Natural gas (NG) prices kept falling on Thursday morning, hitting 3.559. Earlier, they were up as traders got ready for record heat in the US Northeast region this week, which temporarily boosted demand for electricity. But now the main reasons for the decline are increased production, higher inventories, and lower geopolitical risks after Israel and Iran called a truce.
Oversupply was the key factor putting pressure on gas prices. US production reached a record 105.5 billion cubic feet per day in June, exceeding demand (79.9 billion cubic feet). Gas storage inventories are already 6% above the seasonal average, with liquefied natural gas (LNG) exports falling to 14.1 billion cubic feet per day due to maintenance.
Climate factors also play a role. Despite record heat in June, which pushed electricity consumption to the highest level since August 2024, long-term forecasts predict colder weather in the United States as early as next week, with temperatures dropping to normal levels for this time of year.
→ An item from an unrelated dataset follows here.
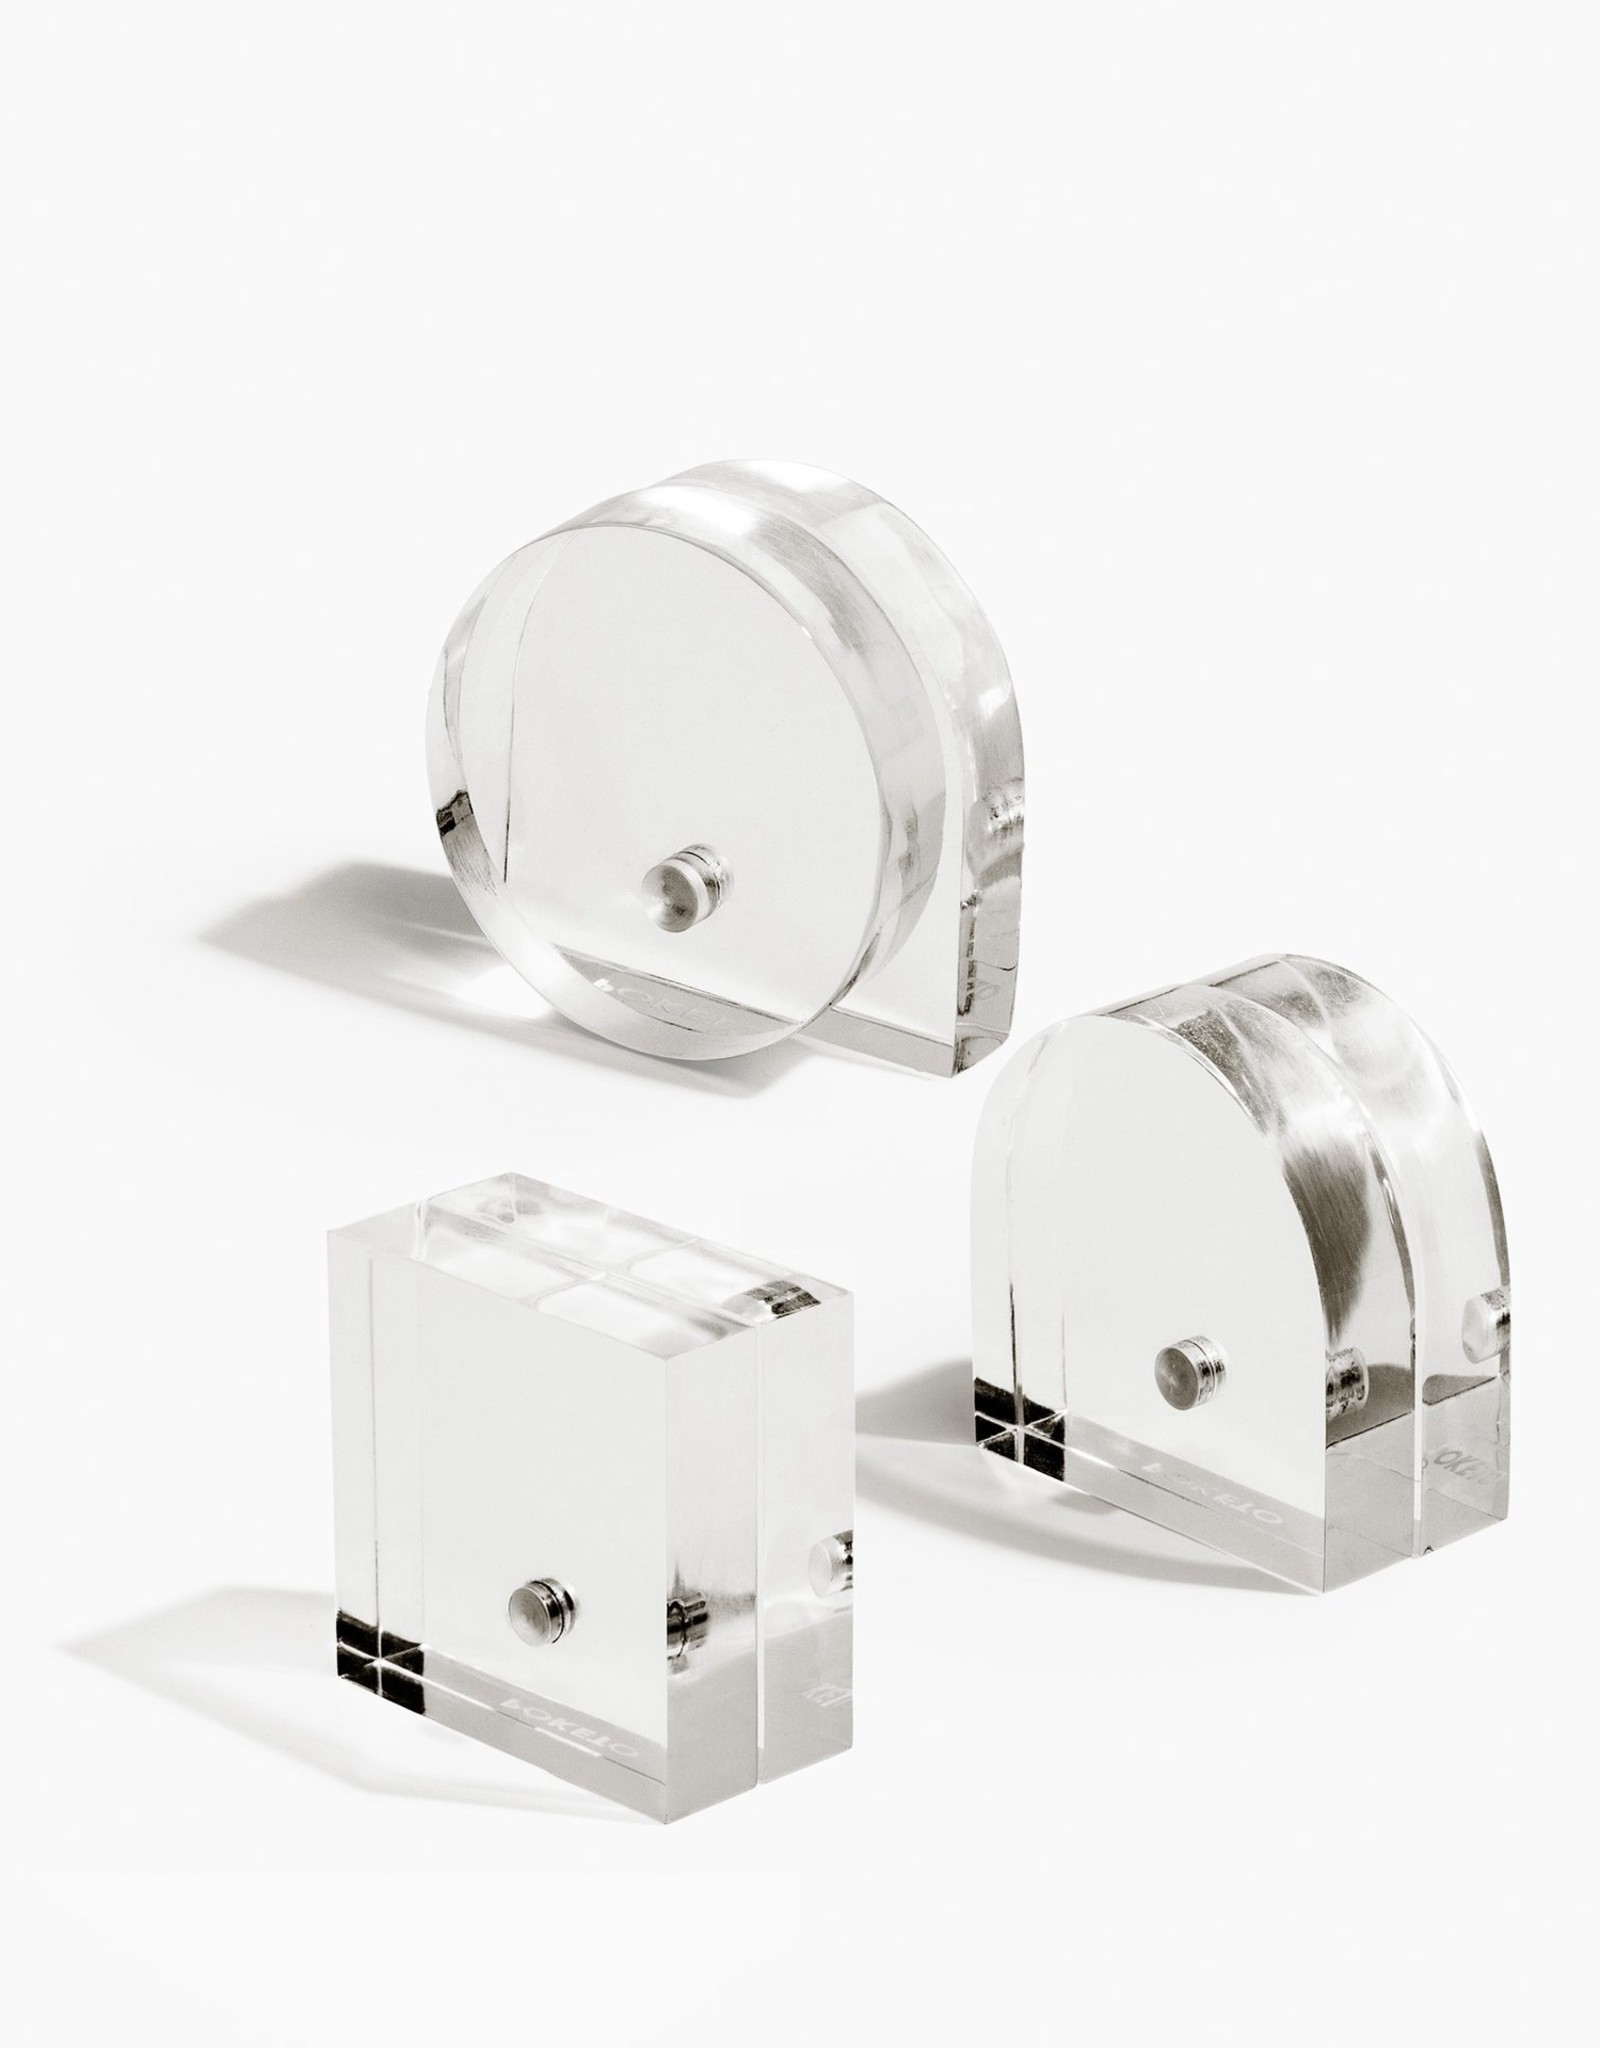 Poketo Shapes Magnet Stands Set
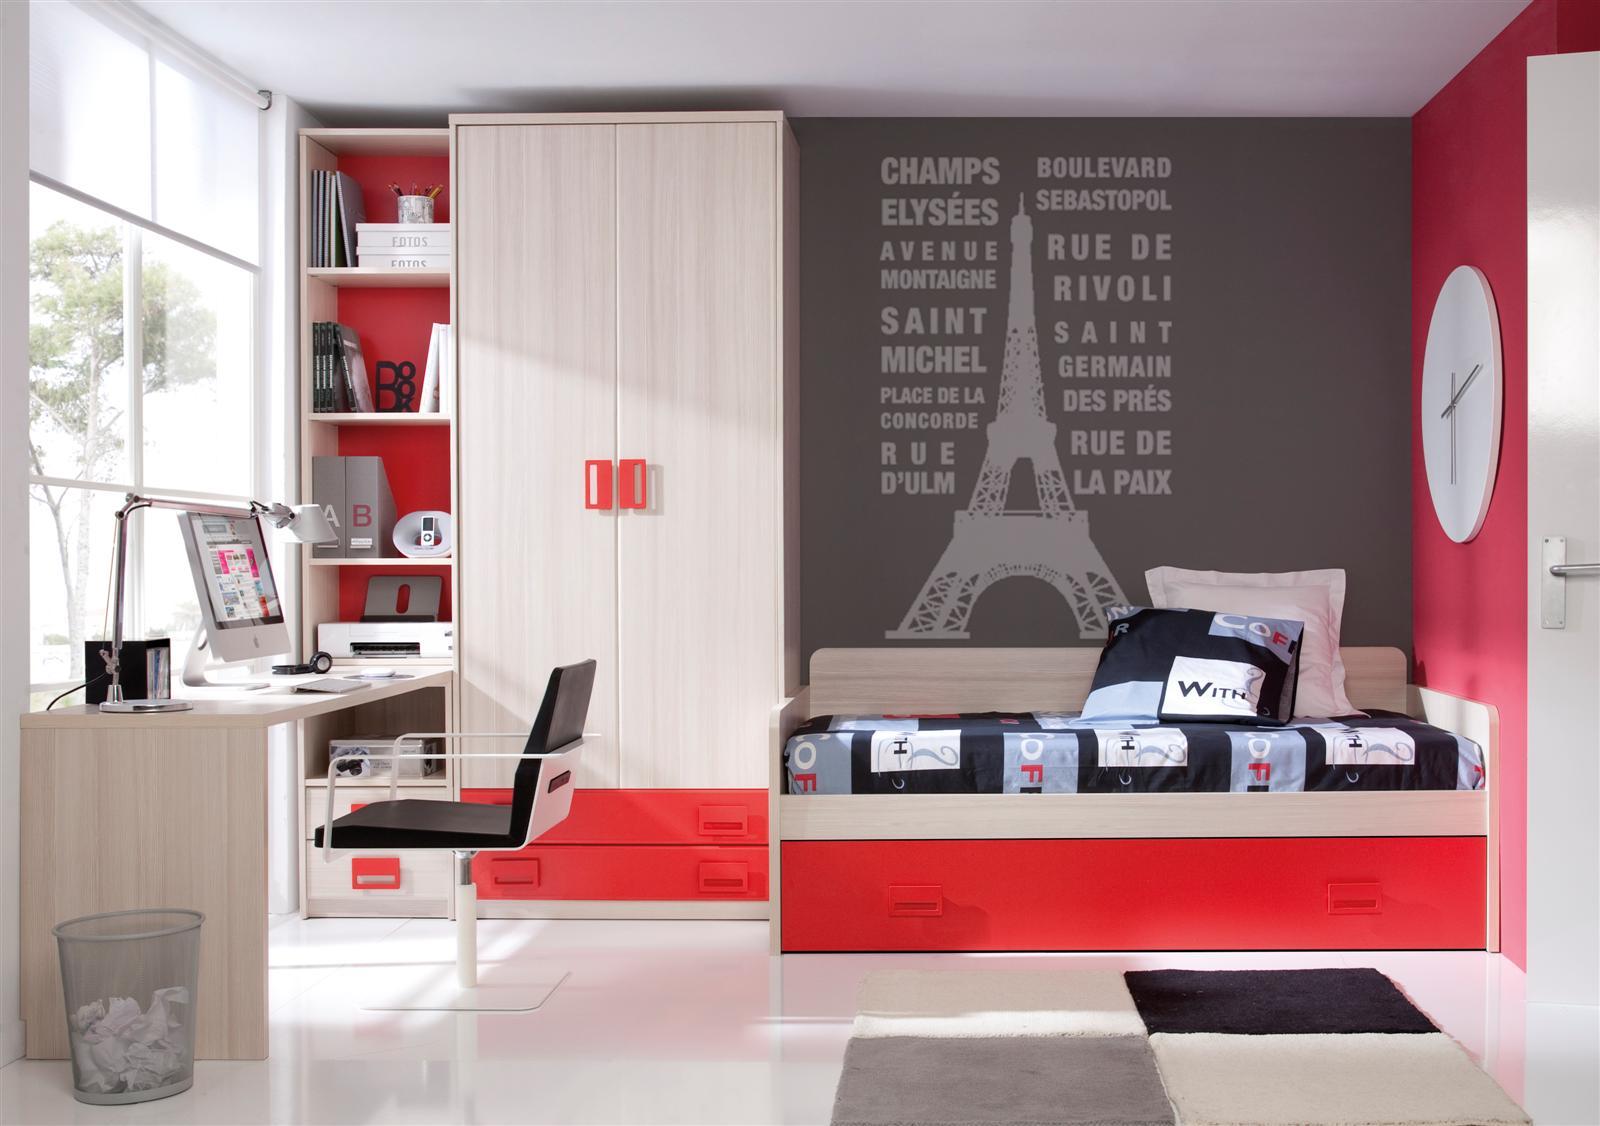 cuisine equipee a prix discount. Black Bedroom Furniture Sets. Home Design Ideas

This will reduce gas demand for cooling.
Geopolitical stability in the Persian Gulf also affected market sentiment. De-escalation in the Middle East reduced risks of supply disruptions in the Strait of Hormuz, which accounts for 20% of global LNG shipments. Previous concerns had supported fuel prices, but now the market is adjusting these expectations.
The daily chart shows the price falling after a bearish reversal that occurred on June 19. Currently, the EMA(20) is below the EMA(50), confirming the existing trend. However, if the price begins to break above the EMA(20), it could signal a bullish rebound. The Stochastic Oscillator is near the oversold zone, suggesting that the price may soon rise. However, it is unlikely that this rise will be lengthy or significant. Most likely, the summer high has already been reached.
Current recommendation
Selling at the current price. Take profit — 3.335, Stop loss — 3.782.
This content is for informational purposes only and is not intended to be investing advice.